Been dabbling with Subversion off and on for a while now, and thought I'd try putting my FreeBSD box's /etc and /usr/local/etc dirs under SVN control. The ports tree has an older version, which works well enough - but I thought I'd see how hard it would be to come up with a newer port. (yeah, I know you can build it with just configure/make, but it would be nice to see the port updated).

Anyhow, after spending a bit of time looking at the FreeBSD Porter's Handbook, I have to say I was horrified at how much of a PITA it was to setup. It was one of those kinds of deals where you look at it and think: you have *got* to be shitting me. (To be fair though, like everything else in life maybe it wouldn't be so bad once you got a few under your belt)

I never got working exactly right, and ended up blowing it off. I figured that even if it did work, ports patches seem to have a tendency to be blown off or ignored (there's a nearly 2-month old patch for an intermediate Neon in the PR system just sitting there)

On the other hand though, I have more appreciation now for the people that do keep those ports updated and get things committed.

Another way

I was browsing through freshports.org, and something that caught my eye was A-A-P, which is a Python-powered package builder/installer meant to maybe someday supplant things like the *BSD ports systems.

Took a whack at putting together A-A-P "recipies" for Neon 0.23.5 and Subversion 0.15, and found that it did make building and installing FreeBSD packages pretty easy. Pretty good for a version 0.1 release

Just found that Greg Ward has a project on SourceForge named elspy - that's basically the same as my own exim/python scanner. Oops, oh well, you do learn something by doing it yourself.

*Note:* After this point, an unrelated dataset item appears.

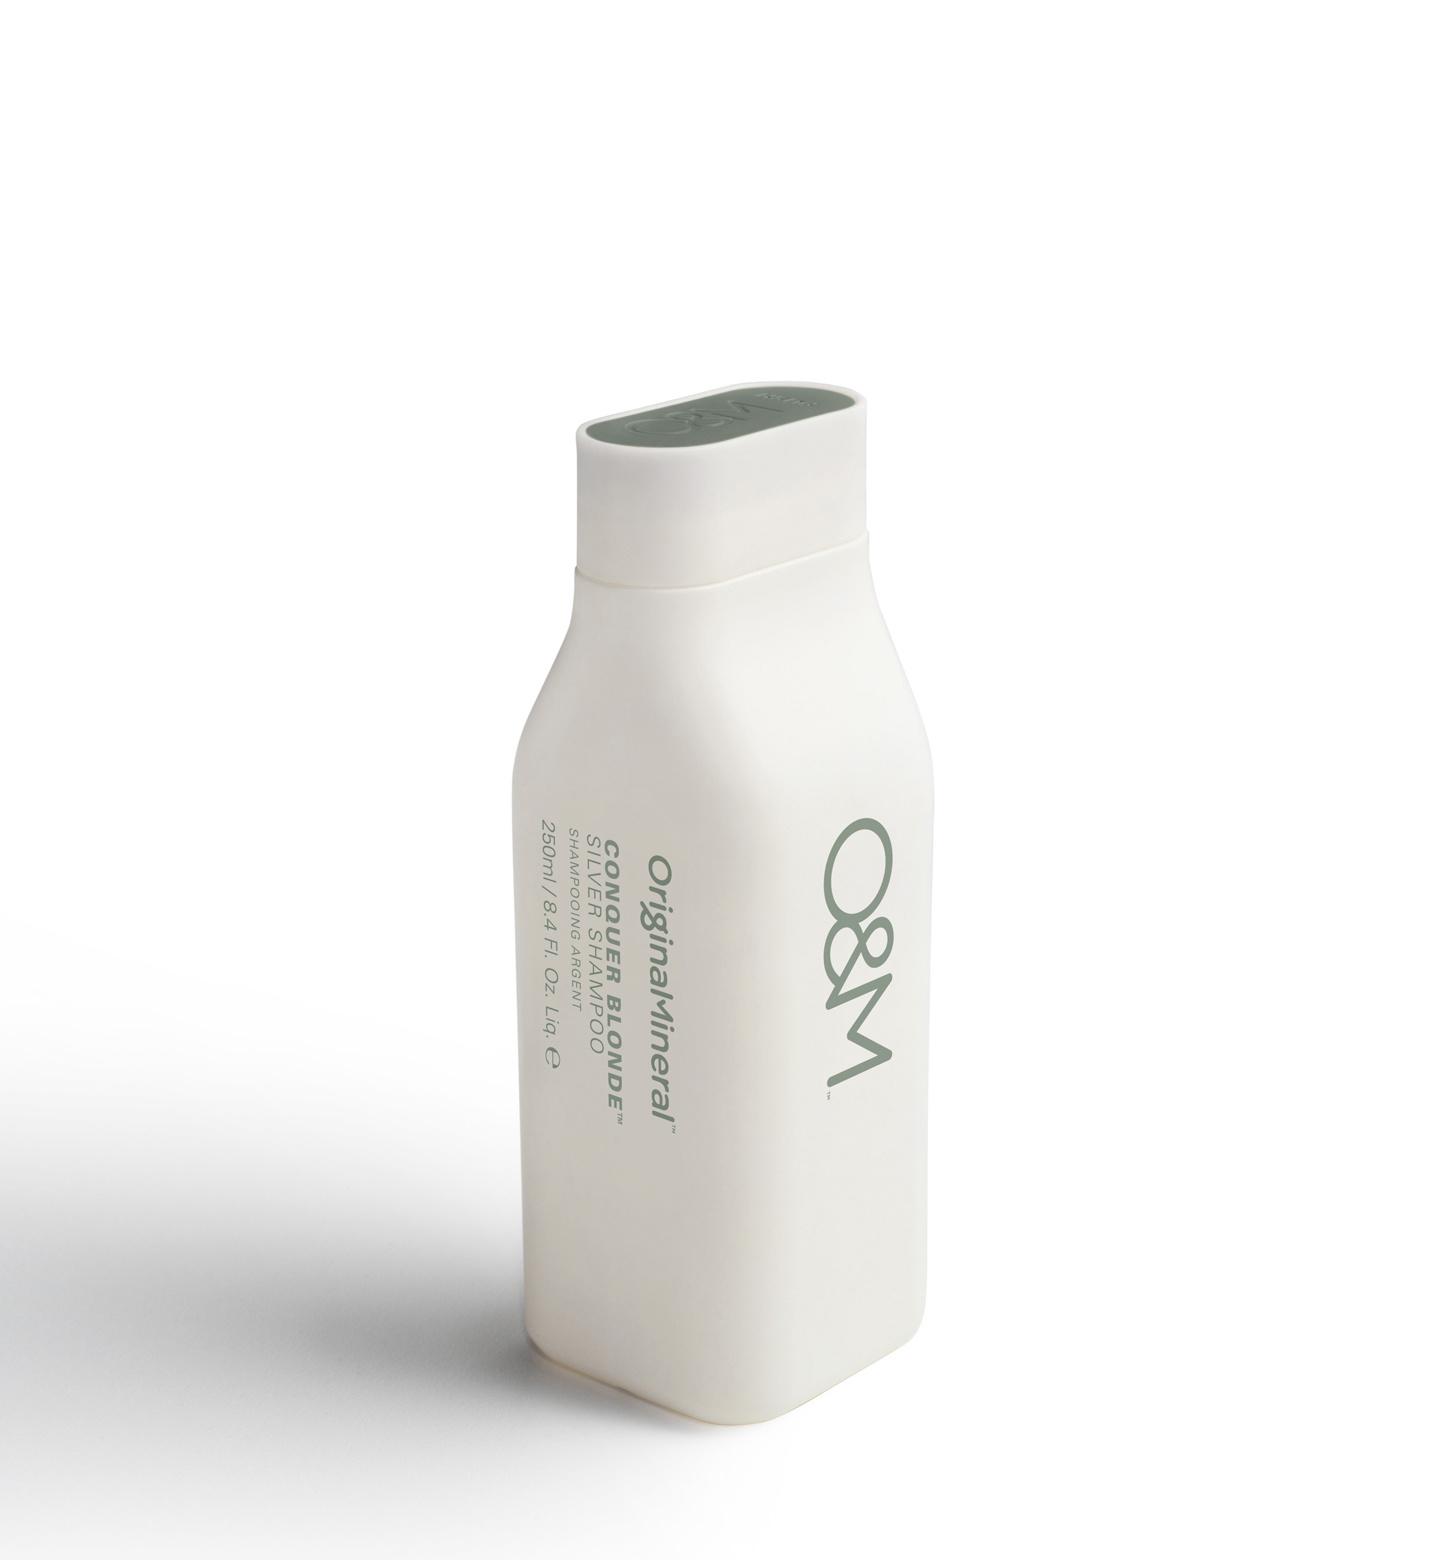 O&M - Original Mineral O&M Conquer Blonde Silver Shampooing pour cheveux blonds argentés - 250ml

20 Oct 2002 (updated 20 Oct 2002 at 20:57 UTC) »
Exim-Python local_scan

Finally broke down and finished my Exim add-on that allows you to write local_scan functions in Python. Great for fooling around with Bayesian spam-detection and such. Been using it for the last month or so on a FreeBSD box, should work on other Unixes.

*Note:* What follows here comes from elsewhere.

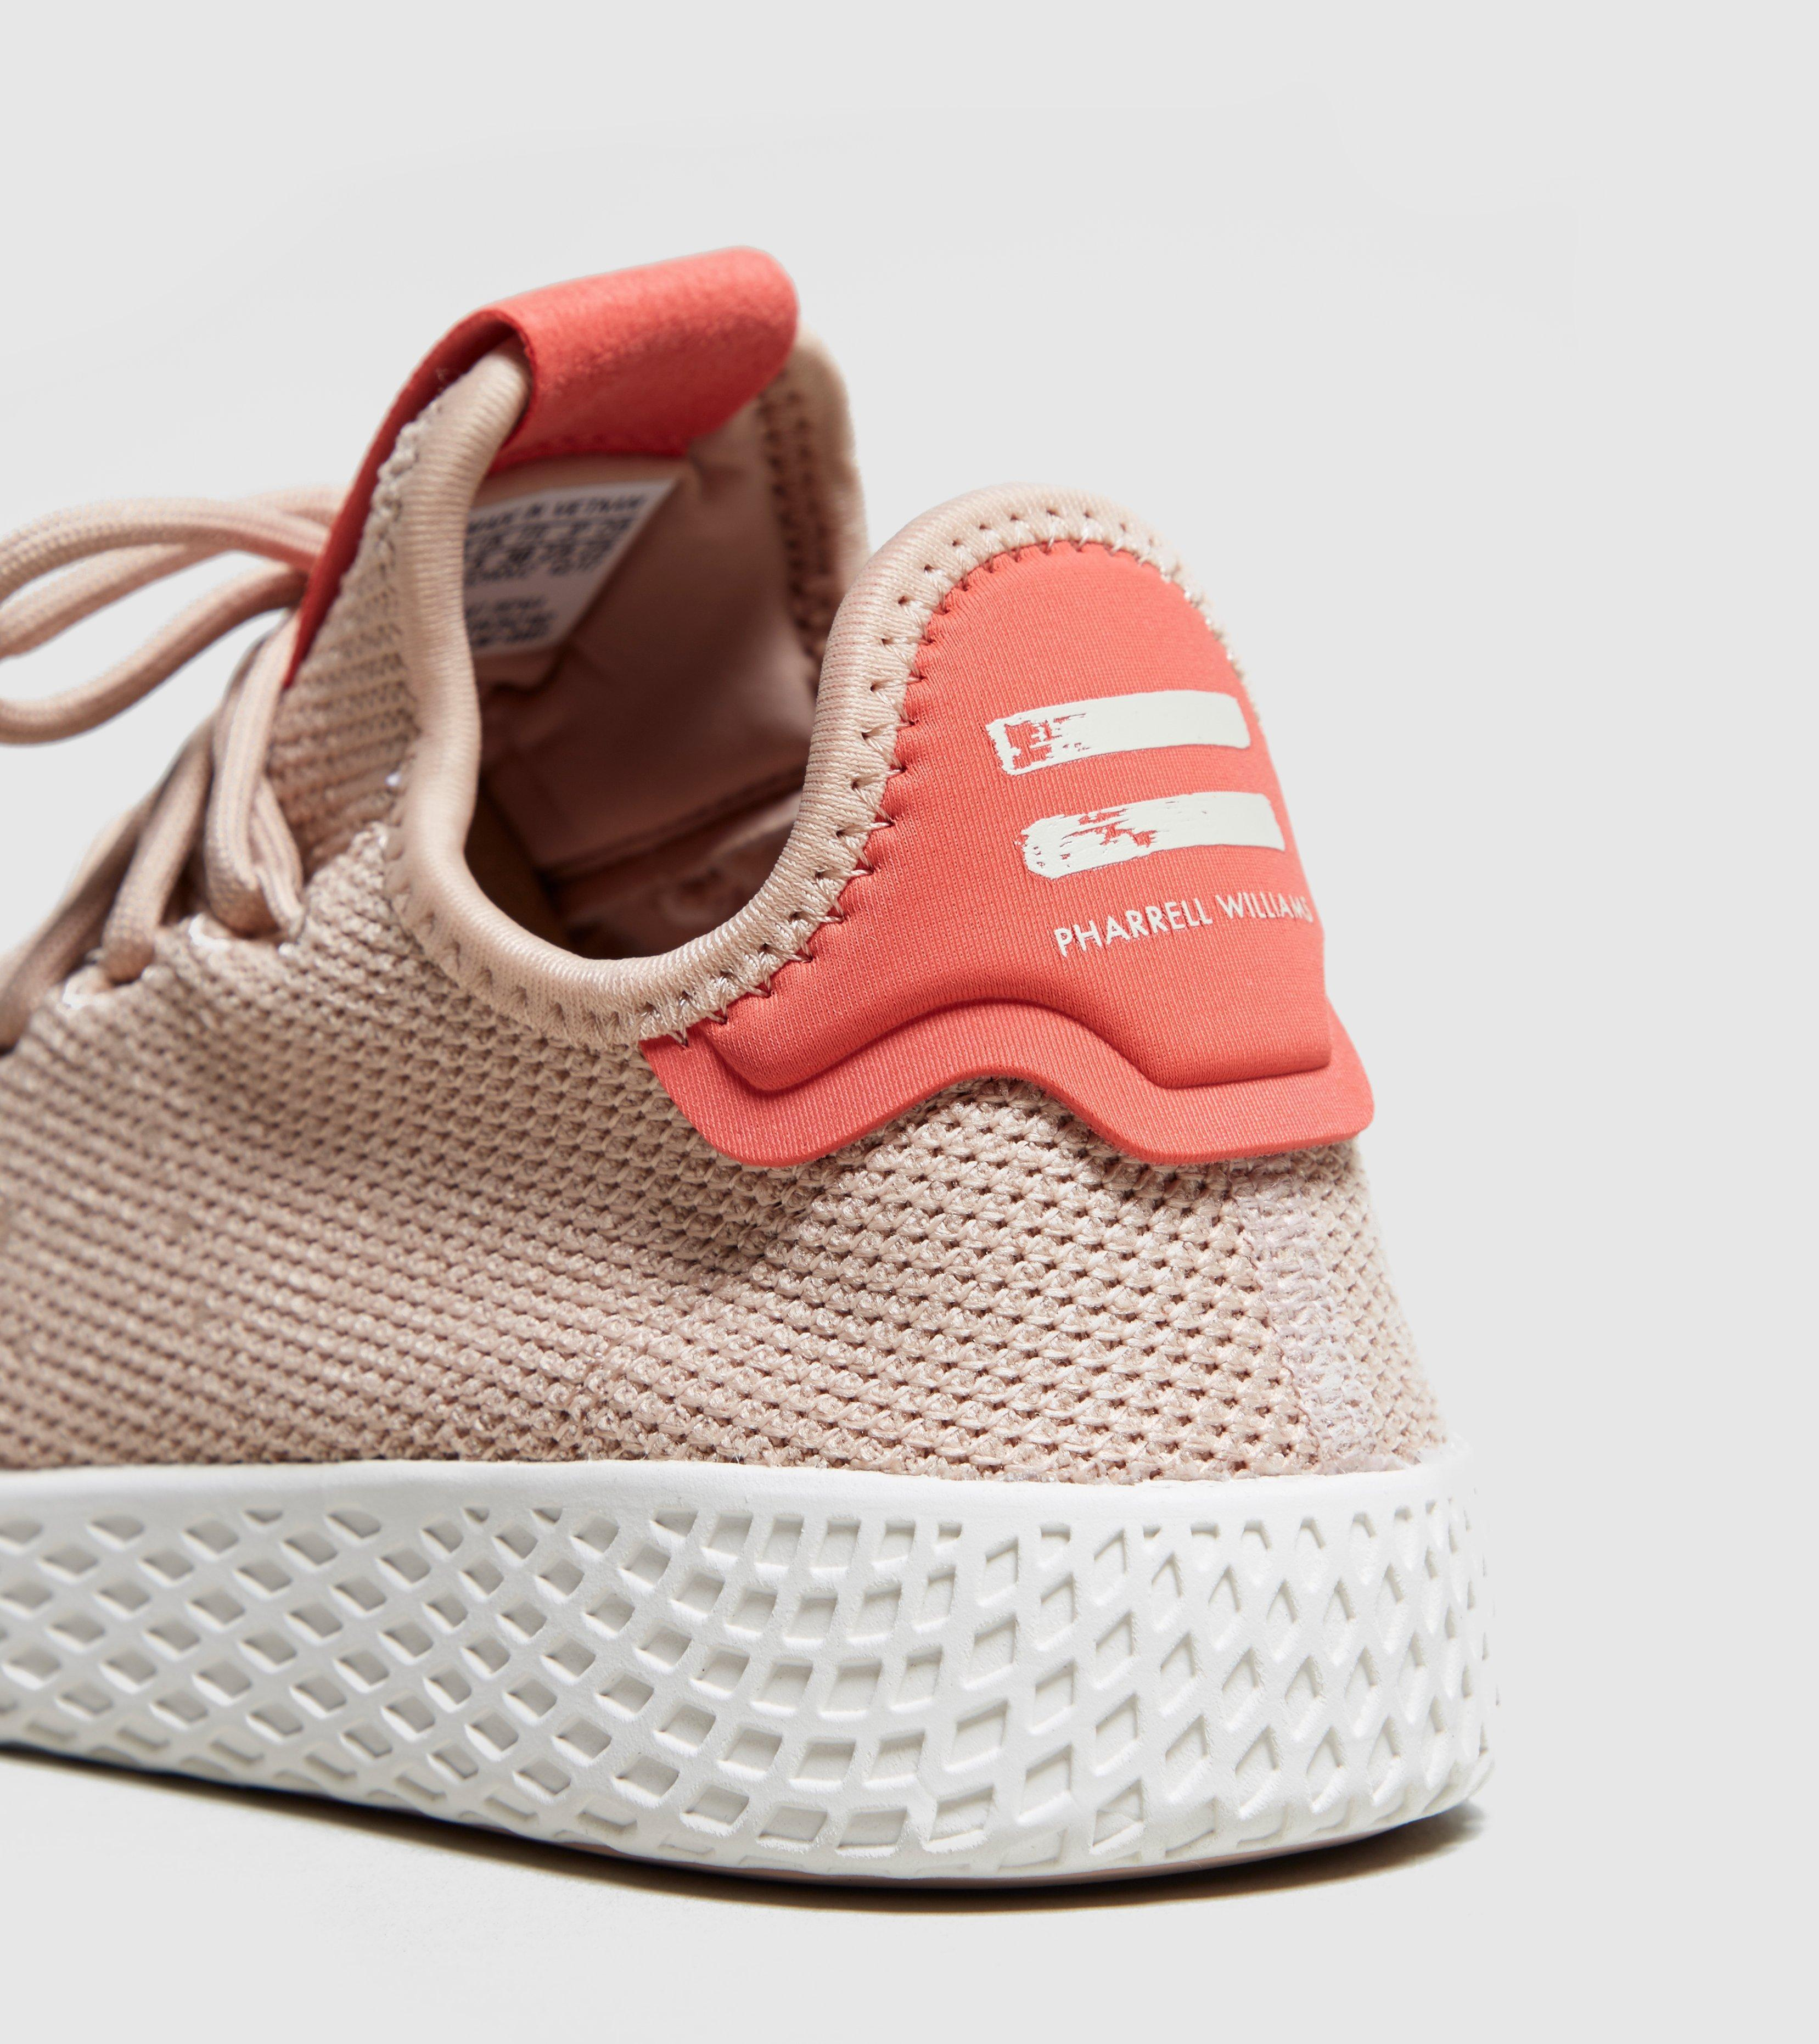 Lyst - adidas Originals X Pharrell Williams Tennis Hu Women s in Pink 3ea9d05e8

9 Sep 2002 (updated 9 Sep 2002 at 01:36 UTC) »

Went geocaching this afternoon. Strangely, found out afterwards that the last cache I logged on the website was exactly one year ago today. Must be something about September weekends.

One of those deals where for the last half-mile or so you're wondering what the heck you've gotten yourself into. Seemingly nobody around for miles - if something happened (I dunno, wild dogs, fall in a hole, killed by drifters), they'd probably not find your body for years.

Then, as I'm walking along - just a little spooked, my cellphone rings, and it's my mom wanting to know if I wanted to go out for dinner since my grandma was in town. I had to explain that I was out-of-town, and couldn't make it - but didn't get into details about exactly where I was at the moment.

Modern life and technology sure are strange sometimes - there I was, in the middle of nowhere, taking a phone call that sounded exactly the same as it does at home.

Anyhow, found the cache, but no pencil to write in the log with though :( , made it out alive. Will try to remember to bring a walking stick to fend off wild dogs with next time (and a pen).

1 Sep 2002 (updated 1 Sep 2002 at 16:27 UTC) »

There's been a lot of talk lately about fighting spam, but I've been wondering lately about the problem of e-mail viruses.

At work we're getting a steady 200-300 Klez-infected e-mails a week, and it's been that way ever since it first hit. It seems like it's never going to stop - people just don't ever get a clue. And that's just one particular virus - as soon as a new and better one comes around, people will fall for it all over again.

Virus Relays

Maybe the thing to do is to start fighting e-mail viruses the way you fight spam - by identifying "virus relays" and blacklisting them. Eventually ISPs would have to implement virus scanning on their SMTP servers, and would push the problem back to the edges of the network where the actual infected machines would have to be cleaned up and better-protected if they wanted to ever send any e-mail.

I know that's pretty impractical, but I suppose you could still try identifying "virus relays" and periodically send them reports of how many infected emails were received from their system, and suggest they do something about it rather that just blindly passing the problem along.